Петренко обрадовался:
— Господи, да это пустяки! Намажьте на ночь борно-тимоловым вазелином и наутро можете идти в фотографию.
— Благодарю вас!
Наступило молчание.
— Знаете, — снова заговорил Петренко, — я уверен, что, не помешай вам Толстой, вы бы написали «Войну и мир». Вы удивлены? Совершенно напрасно: Толстой мог и не писать, вы бы написали лучше.
Я внезапно прозрел:
— Сколько?
— Два рубля, а то лучше три. Мне ваш товарищ, тоже писатель, знаете, всегда три дает. «На, — говорит, — только уходи, не порть моего настроения». Ну, вот и спасибо. Я к вам не больше раза в неделю… День можете выбрать сами. Дадите — мигом испарюсь. Многие пробовали выгонять меня, но настроение все же у них портилось. Предпочитают давать. Есть такие, которые мне домой посылают: только не ходи. Один вид мой, говорят они, портит им настроение. У меня вторники свободны, желаете…
— Да, да, да… — заторопился я.
Он благодарно пожал мне руку, сунул трешницу в карман и направился к двери.
— Уж вы извините, у каждого своя специальность!!
Юмористическая библиотека Сатирикона»,
1912, выпуск 58
Комар
Я до сих пор не знаю: сколько ножек у комара. Не то четыре, не то пять… Но я прекрасно знаю, что этот кровопийца сделал меня малокровным. Да, да, меня, почти саженного верзилу, меня, четырехпудового увальня, у которого щеки спорили своей краснотой с клюквой-ягодой. Хотите — верьте, не хотите — не верьте, мне все равно. Мне достаточно испортили крови, чтобы я стал еще портить ее из-за вашего недоверия — благодарю покорно!
Мы снимали на даче две комнаты рядом. На даче — и рядом. Надо ли говорить, что мы познакомились раньше, чем наша хозяйка успела истратить полученные от нас задатки? Надо ли говорить, что мы — я и она?
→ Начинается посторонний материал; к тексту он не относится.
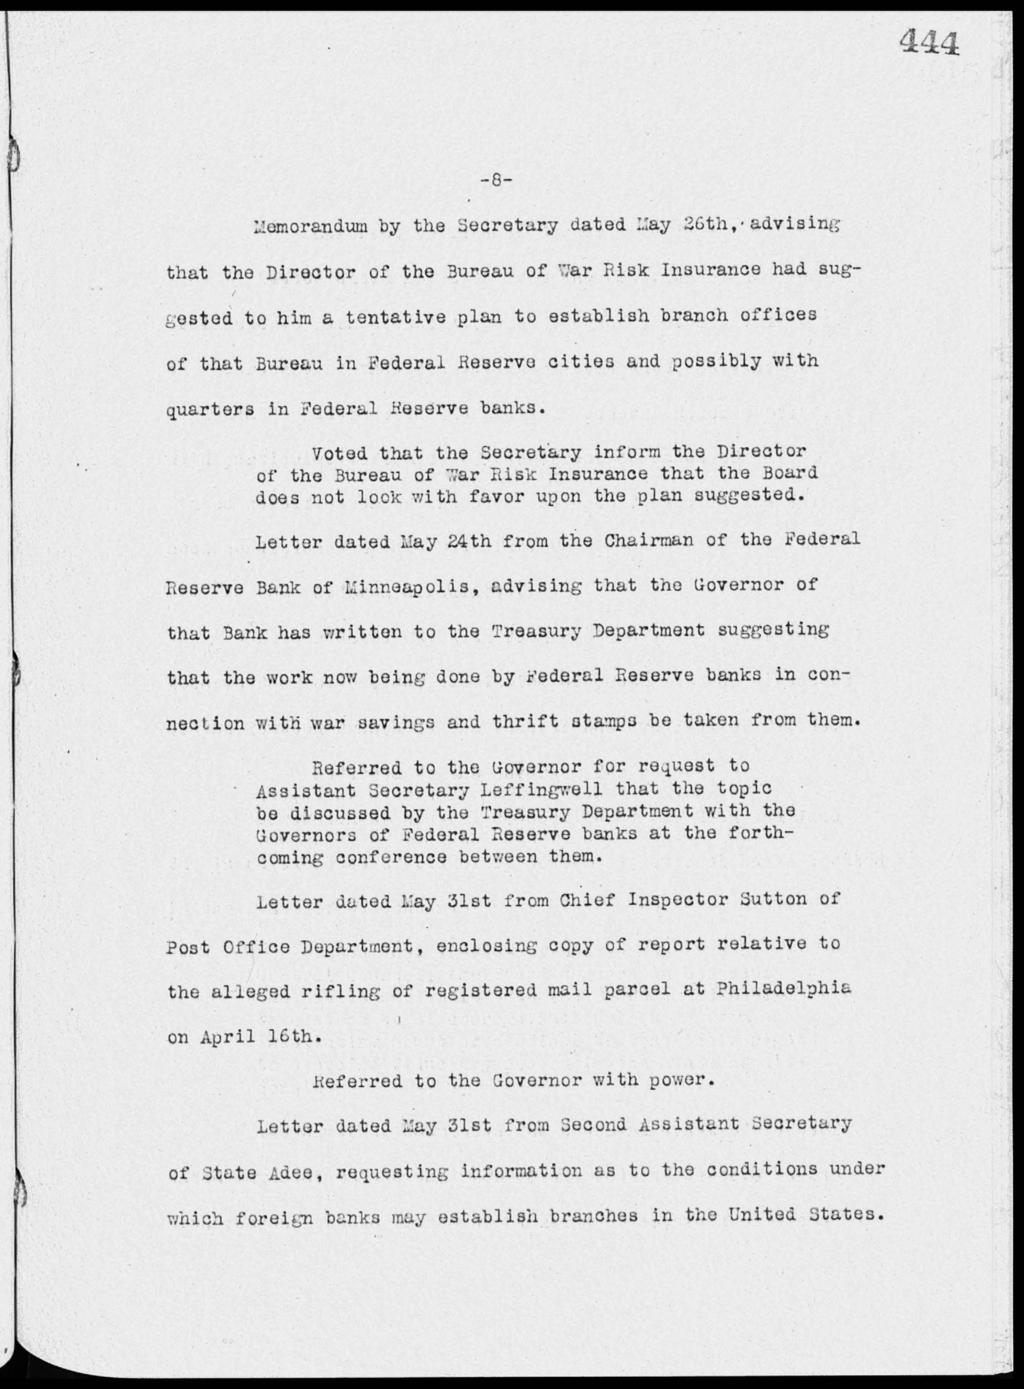 444-8- Memorandum by the Secretary dated May 26th,.

Сначала мы говорили. Говорили! Наши языки вращались со скоростью пропеллера… В первую же неделю мы высказали столько, сколько ни один, даже самый болтливый, депутат не выскажет за целую сессию.
И за все это время наши мнения ни разу не сошлись.
Я заявил себя англофилом: она (хотя носила английские блузки и английскую обувь) заявляла себя англофобкой. Я заявлял себя поклонником Канта, она — Конта. И я уверен, что дело было не в большем ее сочувствии позитивизму, нежели философскому критицизму, а в том, чтобы хоть одной гласной возражать мне. Я восхвалял моноплан, она — биплан.
К концу второй недели, незаметно для себя, я почувствовал, что при виде английского флага у меня сжимаются ладони в кулаки, что из кантианца я стал контистом и у моноплана выросла вторая плоскость.
На третьей неделе мы мало, да и как-то нехотя, говорили, но зато много глядели друг другу в глаза.
На четвертой неделе я случайно заметил у нее на щечке комара. Негодяй в буквальном смысле слова пил ее кровь. Мог ли я остаться равнодушным зрителем?
В первый момент я хотел его задушить собственными руками тут же, на месте преступления, но потом я придумал более утонченную казнь: съесть его живым.
Едва мои губы коснулись ее пухленькой щечки — комар куда-то исчез, а ее маленькие ручки обвили мою шею.
Одним словом… мы поженились.
На первой неделе после свадьбы мы вели себя так, как на четвертой до свадьбы…
На второй…
Короче… На четвертой неделе я снова был англофилом, кантианцем и монопланистом.
На пятой неделе жена моя напилила из меня два куля опилок, извела на мою голову три пуда мыла, около трех метров стальной проволоки на шпильки и высосала около ведра моей крови…
Проклятый комар, ты сделал меня малокровным!
Юмористическая библиотека Сатирикона».
1912, выпуск 58
Загадочная натура
Доктор Бронхов проводил пациента до дверей кабинета и пригласил очередного, ожидавшего в приемной.
— Садитесь, пожалуйста!.. Ваше имя, фамилия, род занятий, сколько лет? — скороговоркой спросил доктор, пододвигая к себе книгу со скорбными листами.